BERLIN taz | Wer im vergangenen September aus dem fernen Berlin zu Nyege Nyege an den Ufern des Nils nach Uganda gereist war, dachte vorab, das legendäre Festival sei so etwas wie die Fusion Afrikas. Das erwies sich zumindest als nicht ganz richtig, zu (kulturell) unterschiedlich sind beide Veranstaltungen, Nyege Nyege ist etwa auch auf die Unterstützung von Sponsoren angewiesen.

Aber musikalisch war das Festival an den Itanda Falls in Uganda zweifellos eine Offenbarung, was die elektronische Undergroundszene Afrikas betrifft. Dazu trugen auch die Gäste des „Afropollination“-Projekts nicht unerheblich bei; ein Projekt der Berliner Agentur Piranha Arts und Nyege Nyege aus Kampala, das Künst­le­r:in­nen verschiedener Disziplinen, vor allem Pro­du­zen­t:in­nen und Musiker:innen, aus Afrika und Deutschland zusammenbrachte – darunter Astan KA.

Die 30-jährige, seit zehn Jahren in Berlin lebende franco-malische Sängerin und Performerin sagt, sie möge auch Afropop, aber ihre Identität sei durch Afropunk geprägt, der experimenteller sei, „edgier“.

In der Villa des Nyege Nyege Tapes-Labels in Ugandas Hauptstadt Kampala – bis vor Kurzem war sie noch ein sicherer Ort für die queere Szene der Stadt – waren die Afropollination-Mitwirkenden für ihre Residencies untergebracht. Das war der Grundstein für eine Vielzahl von Kooperationen, die im Januar auf der „MS Stubnitz“ in Hamburg fortgesetzt wurden – und obwohl es da ziemlich kühl war, schwärmen alle vom Aufenthalt in der Hansestadt (was auch der Gastfreundschaft von Felix Stockmar, dem Betreiber des Musikschiffs, geschuldet ist).

Schlusspunkt in Kreuzberg

Nach Konzerten in Dortmund (ausgerichtet von Cosmo/WDR) und auf der MS Stubnitz steht jetzt der feierliche Abschluss von Afropollination an – ein Wochenende im Festsaal Kreuzberg direkt neben der Spree, wo alle Beteiligten endlich einem größeren Publikum vorführen können, was sie im Laufe der Monate erarbeitet haben.

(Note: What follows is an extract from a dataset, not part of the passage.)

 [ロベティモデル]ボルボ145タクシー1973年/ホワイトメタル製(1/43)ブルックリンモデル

Auch Astan KA freut sich schon darauf. Sie ist wohl eine der am besten geeigneten Personen, um zu beschreiben, worum es bei dem Austauschprojekt geht: um gegenseitige Befruchtung, Begegnung auf Augenhöhe.

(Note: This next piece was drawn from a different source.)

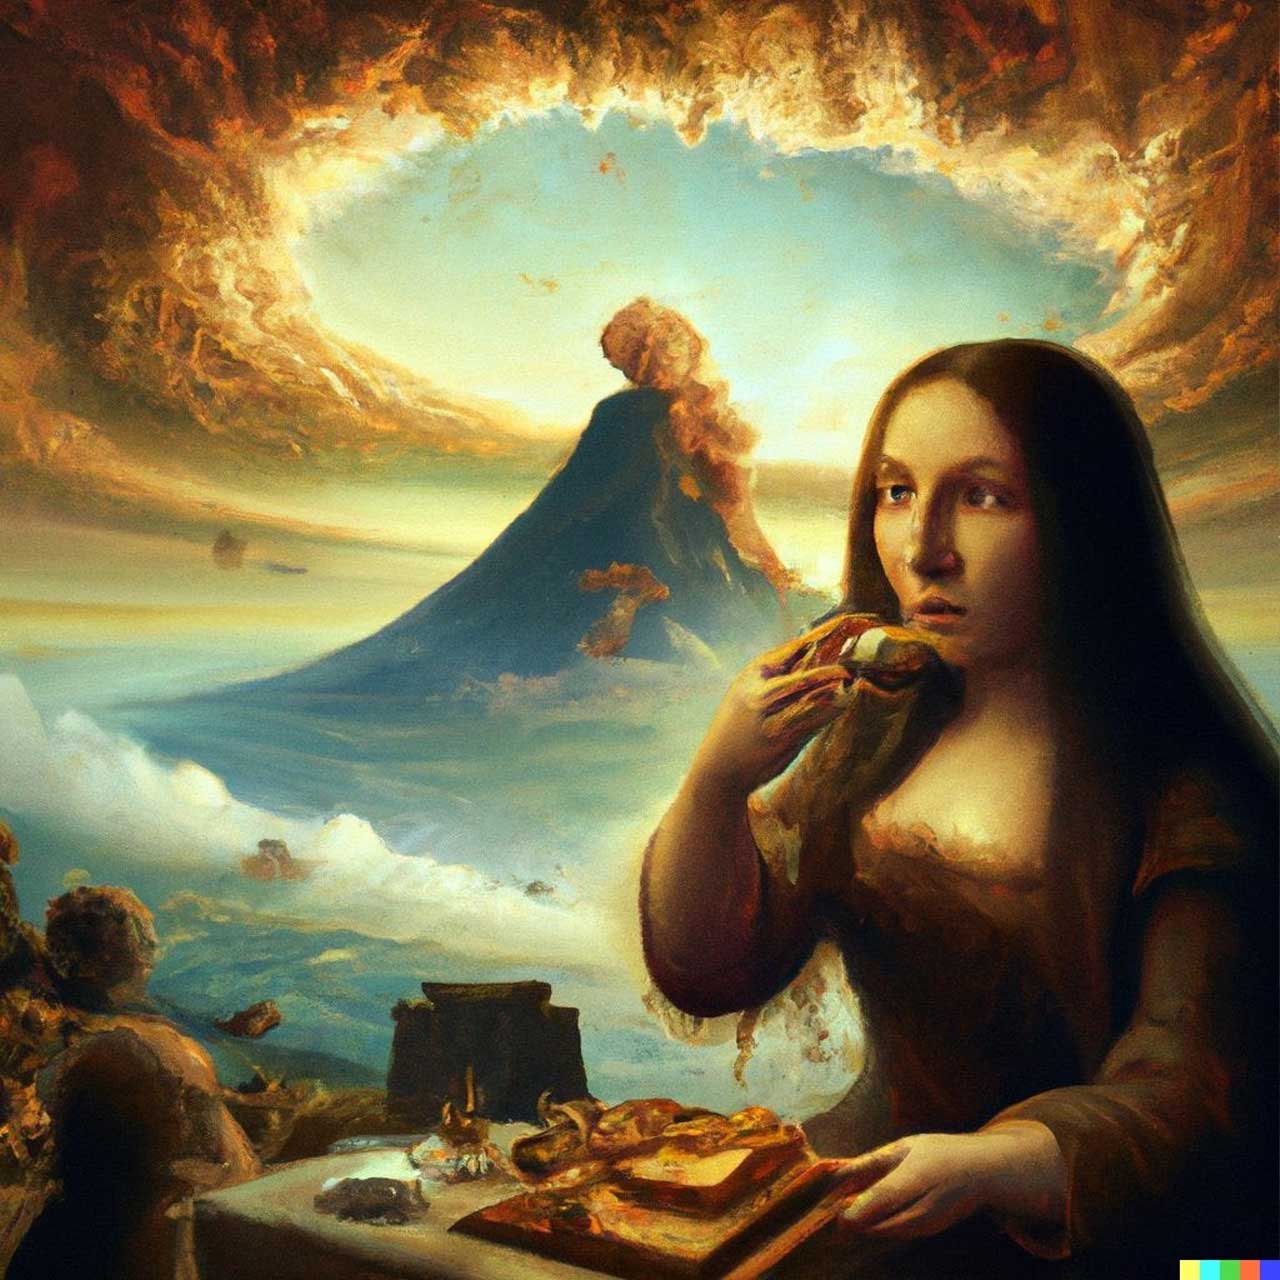 Mona Lisa kek yiyor

Festsaal Kreuzberg, Am Flutgraben 2, 12435 Berlin – Indoor & Outdoor, Sa. 17. 6. (21 Uhr) & So. 18. 6. (16 Uhr). Am So. gibt es zur Einstimmung zwei Tanzworkshops.

Astan KAs Vater kommt aus einem kleinen Dorf im Elsass und ist Christ, ihre Mutter eine Muslima aus Mali. Das Leben zwischen den Welten empfindet Astan als eine Bereicherung und nennt sich ein „Kind der Versöhnung“. Während sie in Berlin viele traumatisierte Afrodeutsche getroffen habe, die ihre Wurzeln verleugnen, ermöglichten es ihr die Eltern, beide Seiten ihrer Herkunft als gleichberechtigt anzuerkennen.

Sie sagt, dass sie privilegiert aufgewachsen sei – davon will Astan KA der Heimat ihrer Mutter etwas zurückgeben. „Ich denke, Afrika braucht die Diaspora.“ Bei Afropollination wurde ihr die ruandische Singer/Songwriterin Binghi als Partnerin zugeteilt – ein „perfect match“ sei das gewesen, sagt Astan KA. Sie nennt ihre Musik spaßeshalber „Gangsta Jazz“. Und der sei genauso „futuristic“ wie „anchestral“. Auch Astans Partner Exocé ist als Performer und Tänzer an Afropollination beteiligt.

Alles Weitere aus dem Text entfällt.